LESLIE RUTLEDGE, INDIVIDUALLY AND AS ATTORNEY GENERAL OF THE STATE OF ARKANSAS APPELLANT

V. PRATT CATES REMMEL, JR.; GALE STEWART; GLEN HOOKS; ROBERT B LEFLAR; ELAINE DUMAS; MICHAEL B. DOUGAN; HARVEY JOE SANNER; AND JACKIE SIMPSON APPELLEES

Opinion Delivered: April 14, 2022 APPEAL FROM THE PULASKI COUNTY CIRCUIT COURT [NO. 60CV-21-341]

HONORABLE MORGAN E. WELCH, JUDGE

REVERSED AND DISMISSED IN PART; DISMISSED IN PART; AND REMANDED. MOTION TO STRIKE DENIED.

RHONDA K. WOOD, Associate Justice This is a lawsuit against Attorney General Leslie Rutledge in both her official and individual capacities. The dispute centers on the Attorney General’s spending on TV commercials and legal filings in out-of-state federal litigation. The lawsuit contains two primary allegations and requests for relief: first, that the Attorney General has exceeded her authority and should be enjoined from continuing to act in excess of her authority and second, that she has spent funds in excess of her authority, which constitutes an illegal exaction. The matter comes before us now on an interlocutory appeal after the circuit court denied the Attorney General’s assertions of various immunity defenses.
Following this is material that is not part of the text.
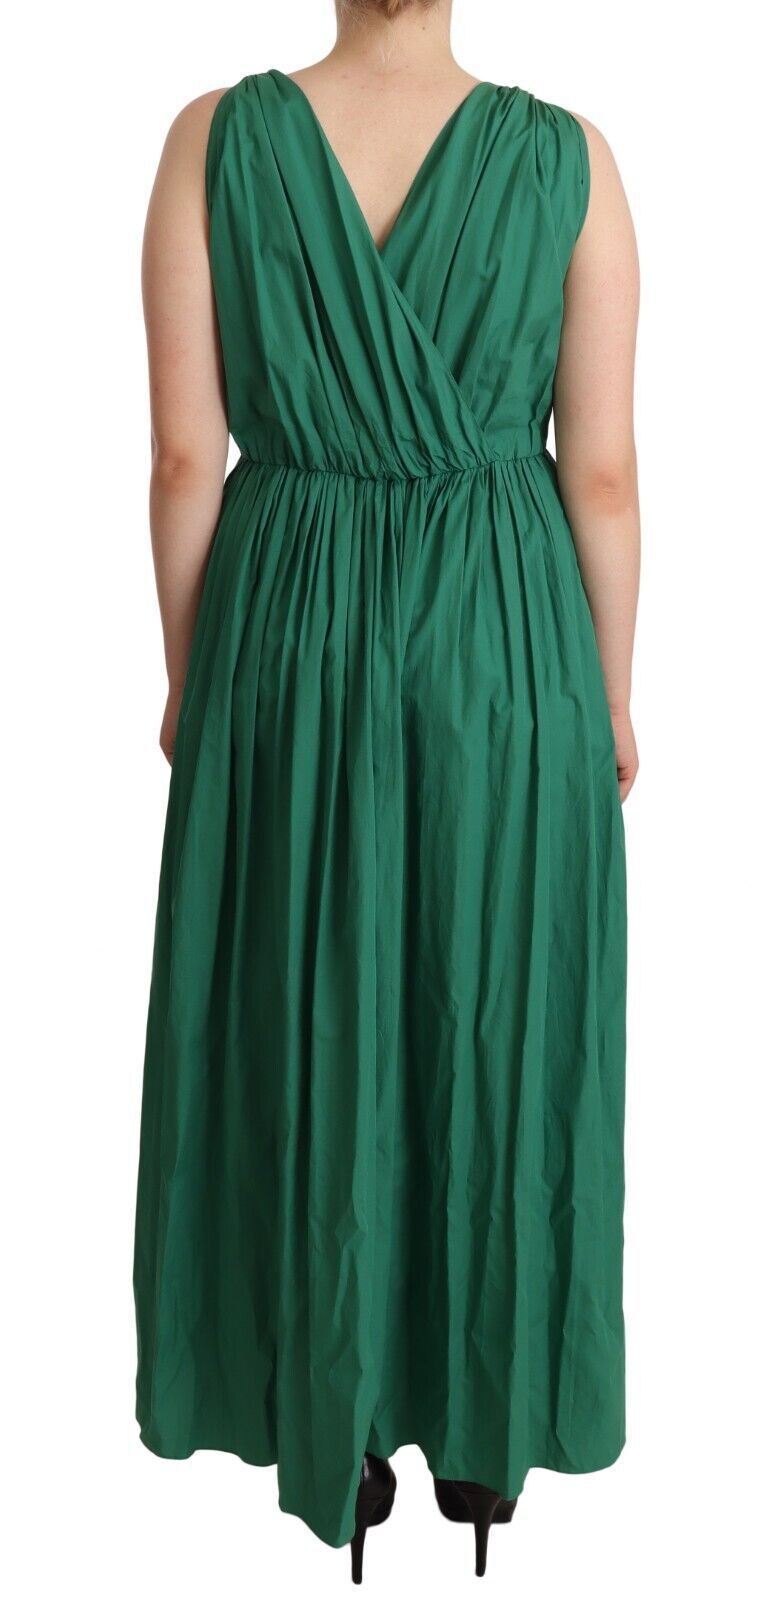 Elegant Deep Green Sleeveless A-Line Dress
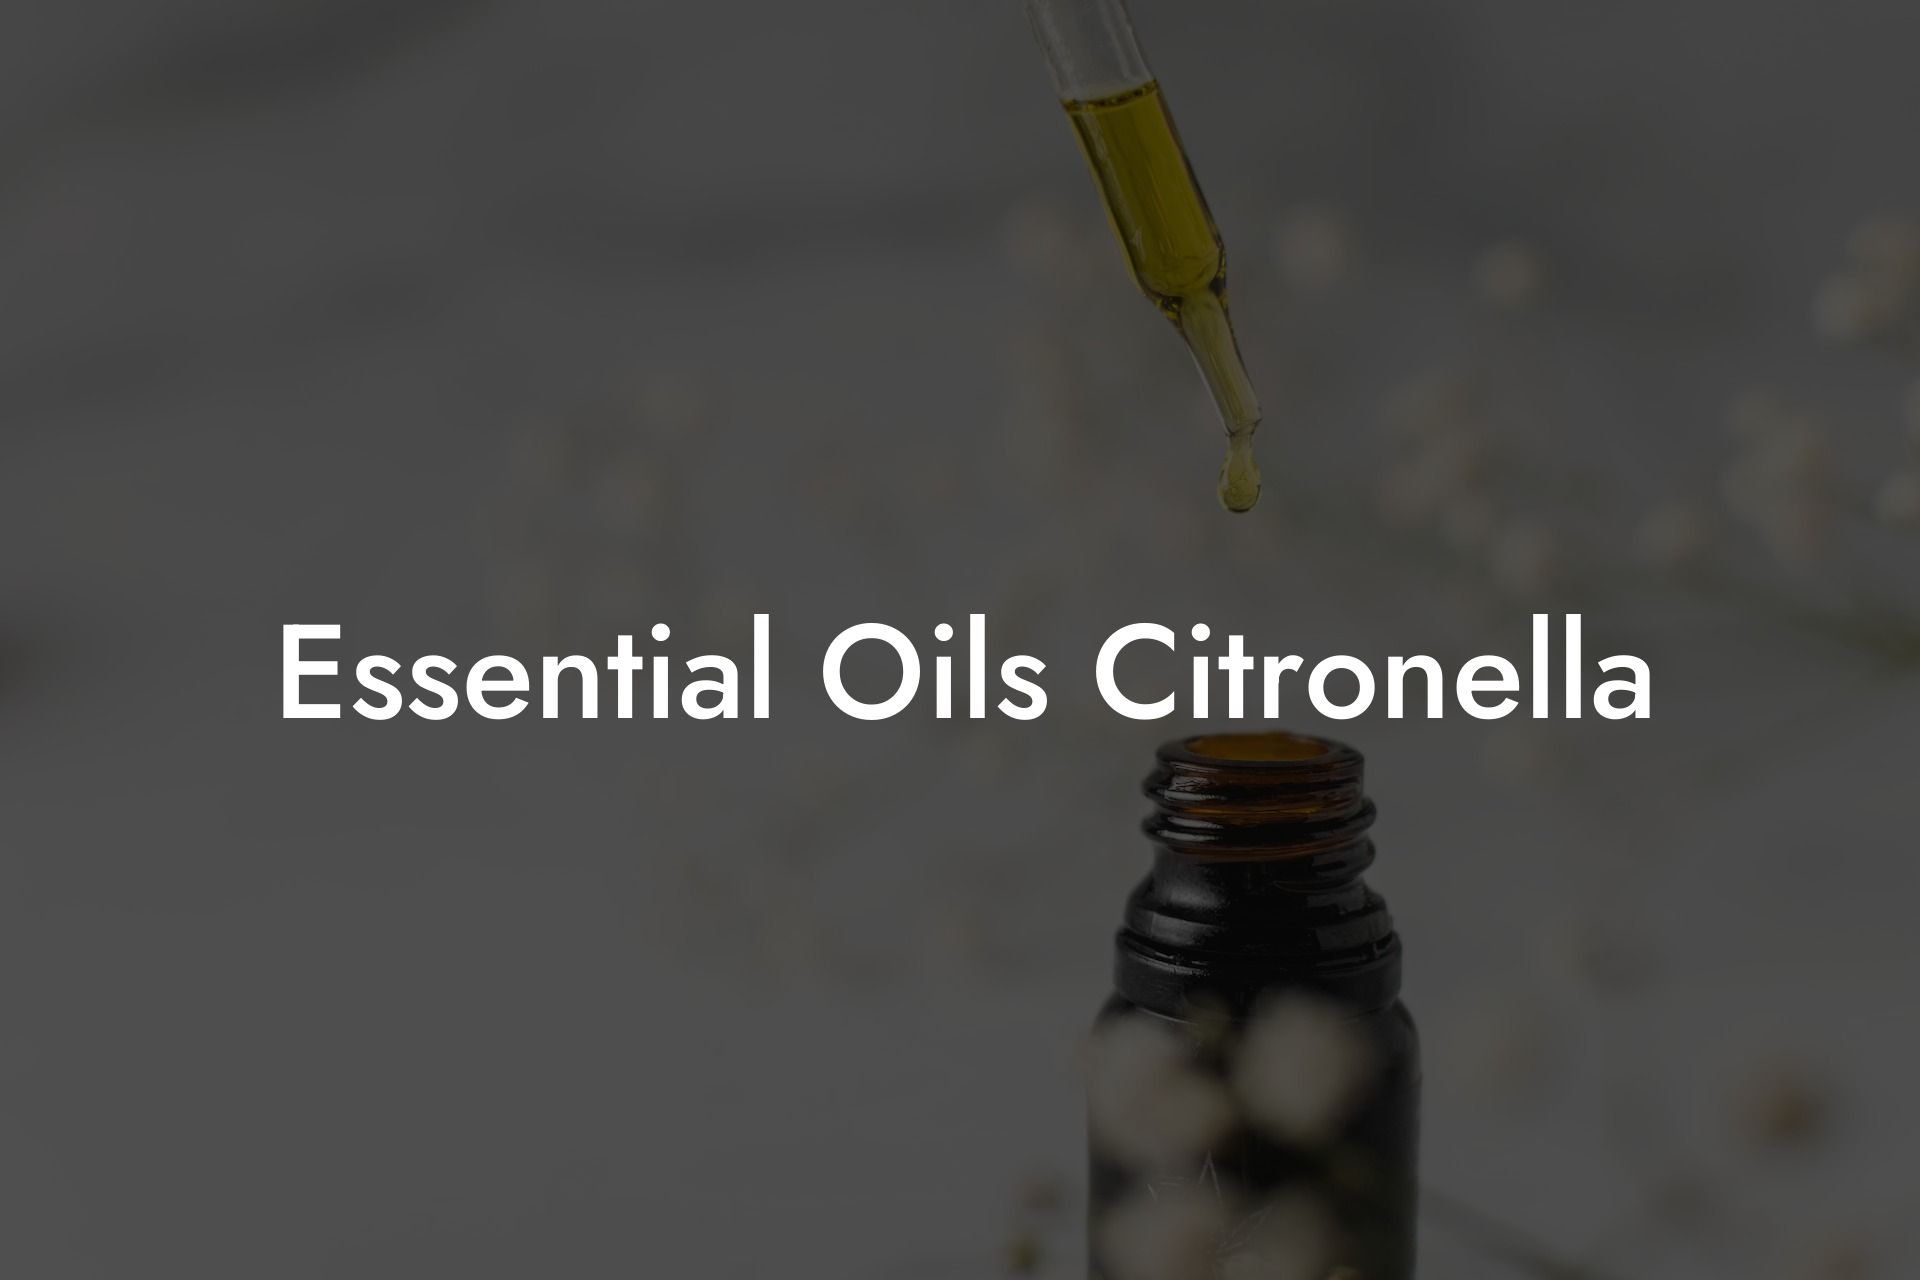 Essential Oils Citronella

As for the first claim for relief, we hold that the Attorney General has sovereign immunity and cannot be enjoined because plaintiffs failed to show that any of the Attorney General’s acts were ultra vires. Thus, we reverse and dismiss the claim for injunctive relief. As to the second allegation, the illegal exaction, we hold that Leslie Rutledge as an individual is entitled to statutory immunity because plaintiffs failed to allege that she acted maliciously. Thus, we also reverse and dismiss the individual-capacity claim for an illegal exaction. But the official-capacity claim for an illegal exaction is not subject to either sovereign or statutory immunity. We therefore dismiss this part of the appeal because it falls outside our appellate jurisdiction on interlocutory review. 1 I. Factual Background Several Arkansas taxpayers sued Attorney General Leslie Rutledge, both individually and in her official capacity. Plaintiffs generally objected to the decisions she has made while in office. First, they contended that the Attorney General filed briefs in national litigation “notwithstanding the absence of credible facts or legal precedence [sic] to support the claims . . . and without consult[ing]” the Governor or other state agency leaders. Examples of these cases include the NRA’s bankruptcy case in Texas federal court; a lawsuit about the NRA’s nonprofit status in New York federal court; and a request to intervene in an original action in the United States Supreme Court about the 2020 presidential election. Plaintiffs alleged the filings did not involve any state interests and were made only to further the Attorney General’s political ends.

1 Plaintiffs moved to strike portions of the Attorney General’s opening brief. The motion is denied.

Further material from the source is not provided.